Task brief.
From the records below, please repeat exactly the line that has "KW Διάφανη Θήκη", the line that has "Náš budúci domček 🥰❤ - Obrázok č. 2", and every line between them, and nothing else.

Input for this task.
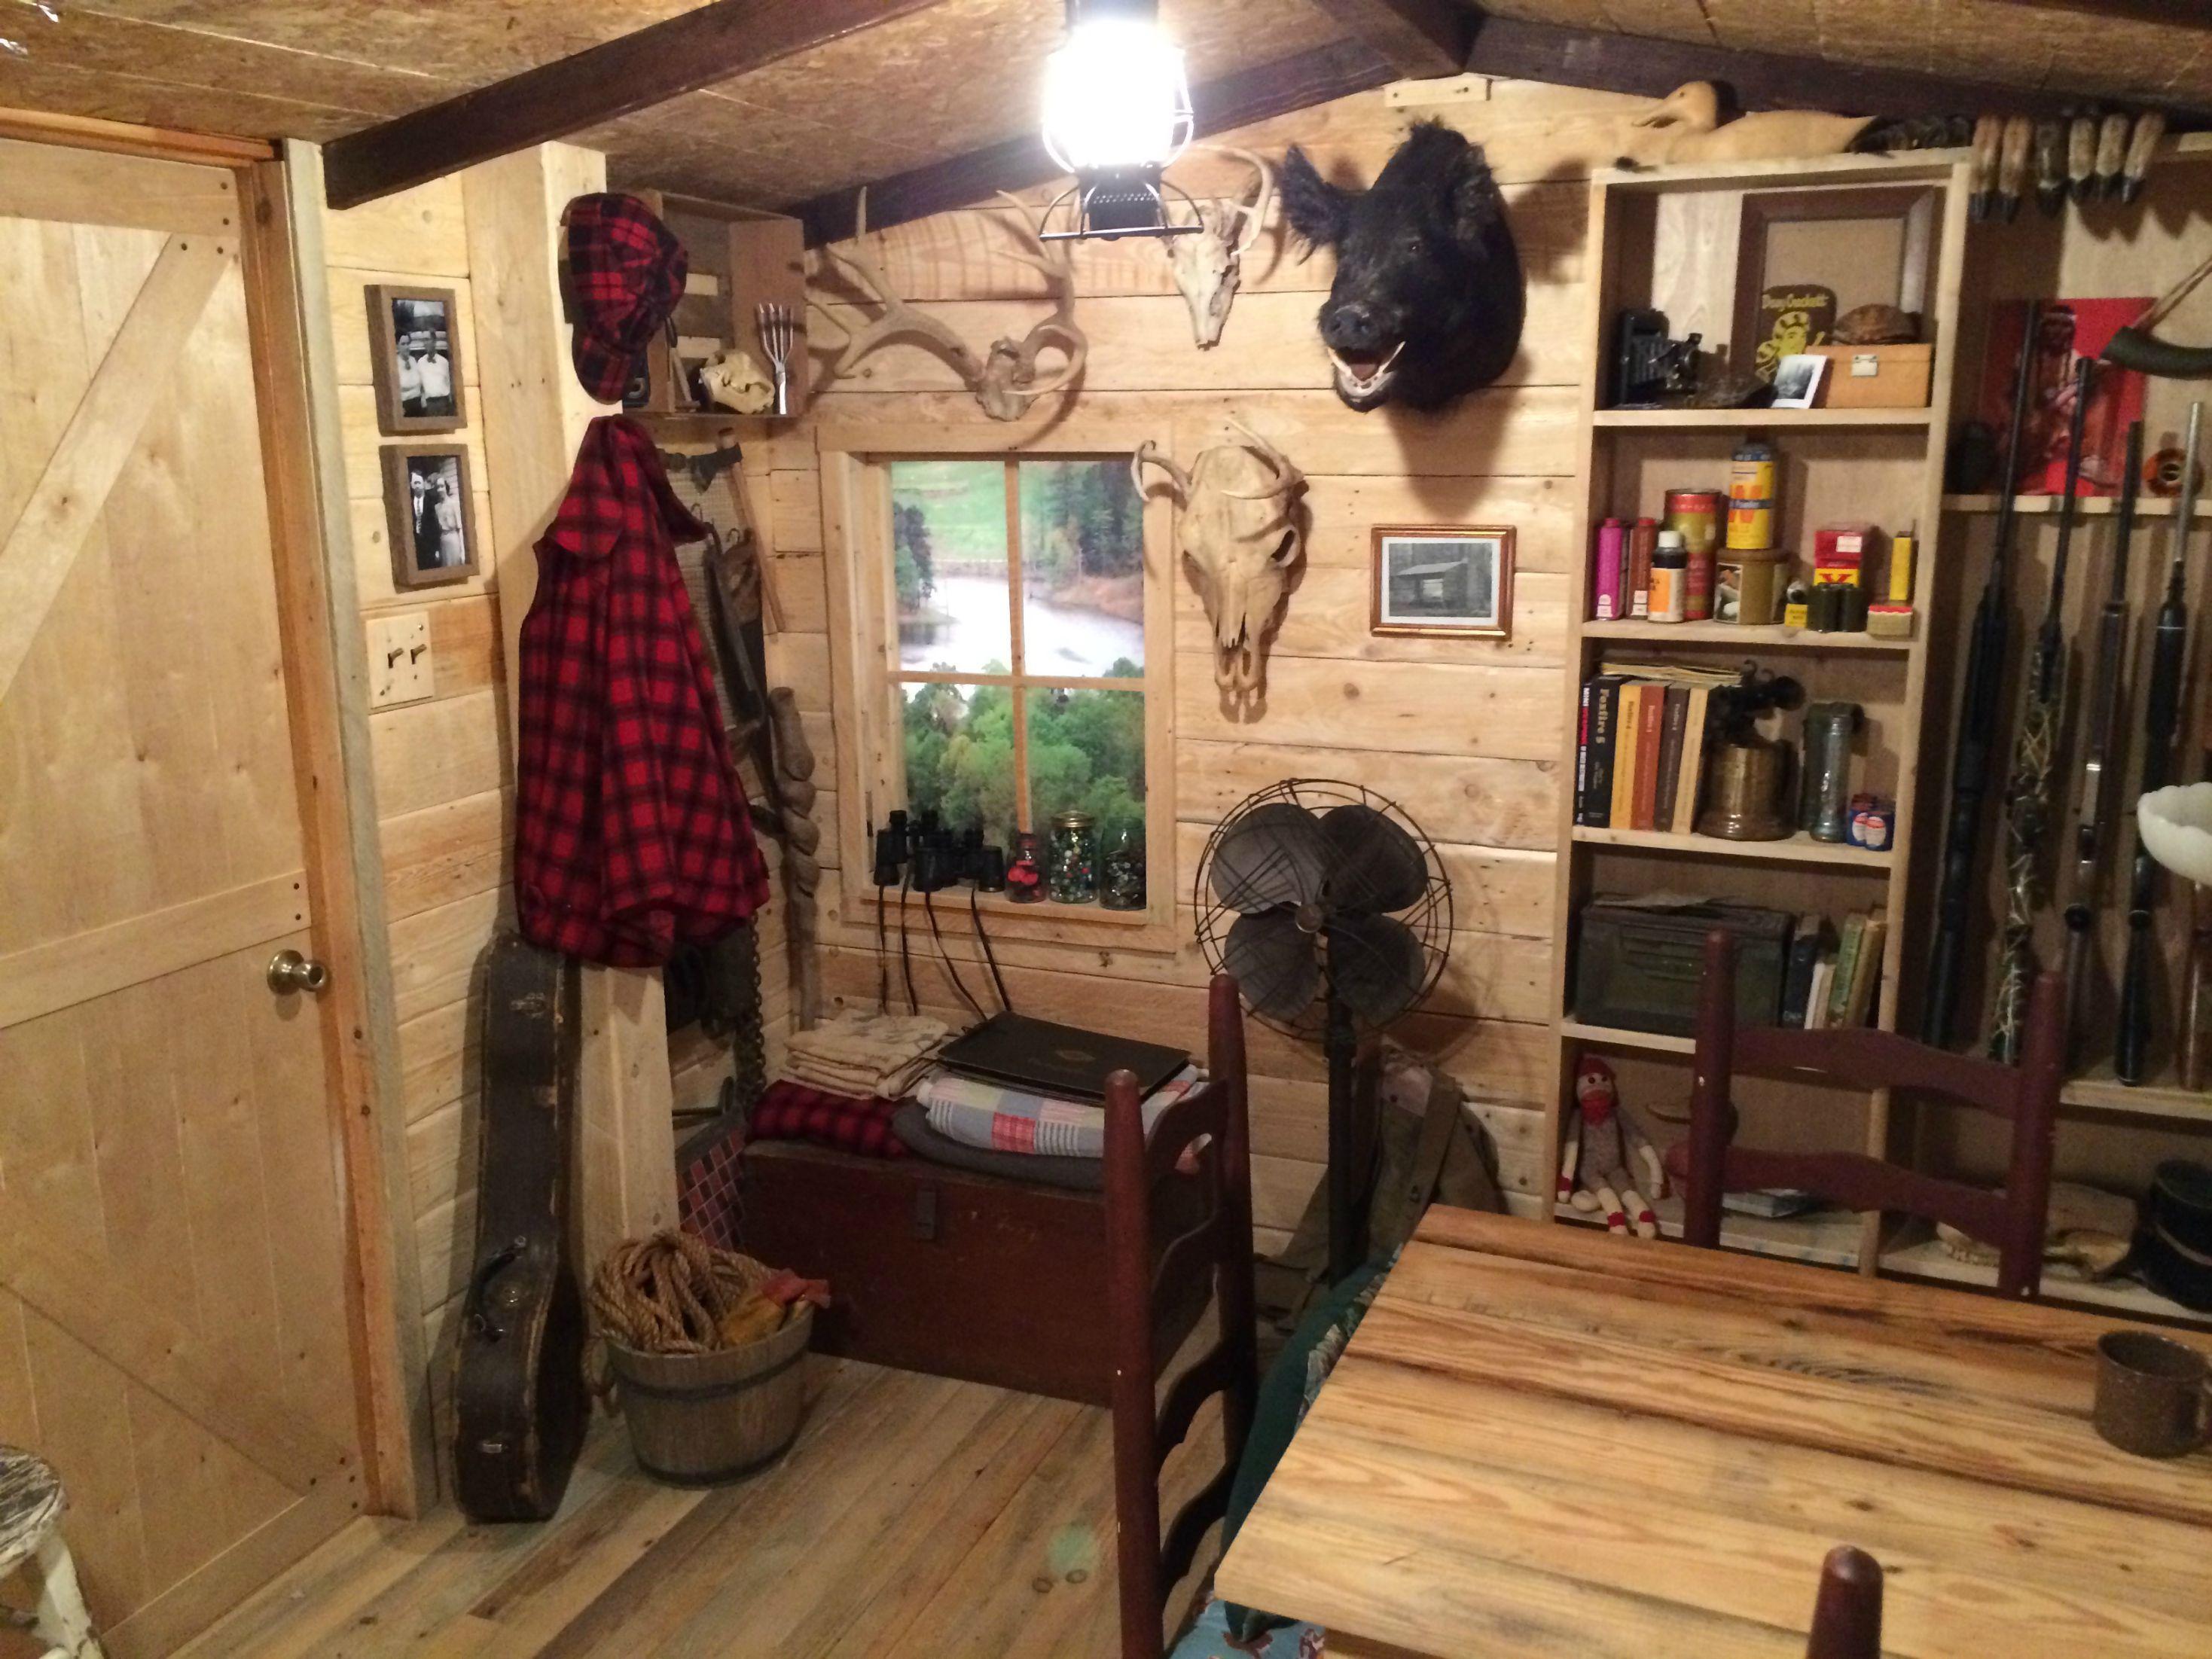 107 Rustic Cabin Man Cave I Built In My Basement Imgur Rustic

* * *

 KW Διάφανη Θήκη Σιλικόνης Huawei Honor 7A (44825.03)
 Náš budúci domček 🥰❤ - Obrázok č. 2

Task response.
 KW Διάφανη Θήκη Σιλικόνης Huawei Honor 7A (44825.03)
 Náš budúci domček 🥰❤ - Obrázok č. 2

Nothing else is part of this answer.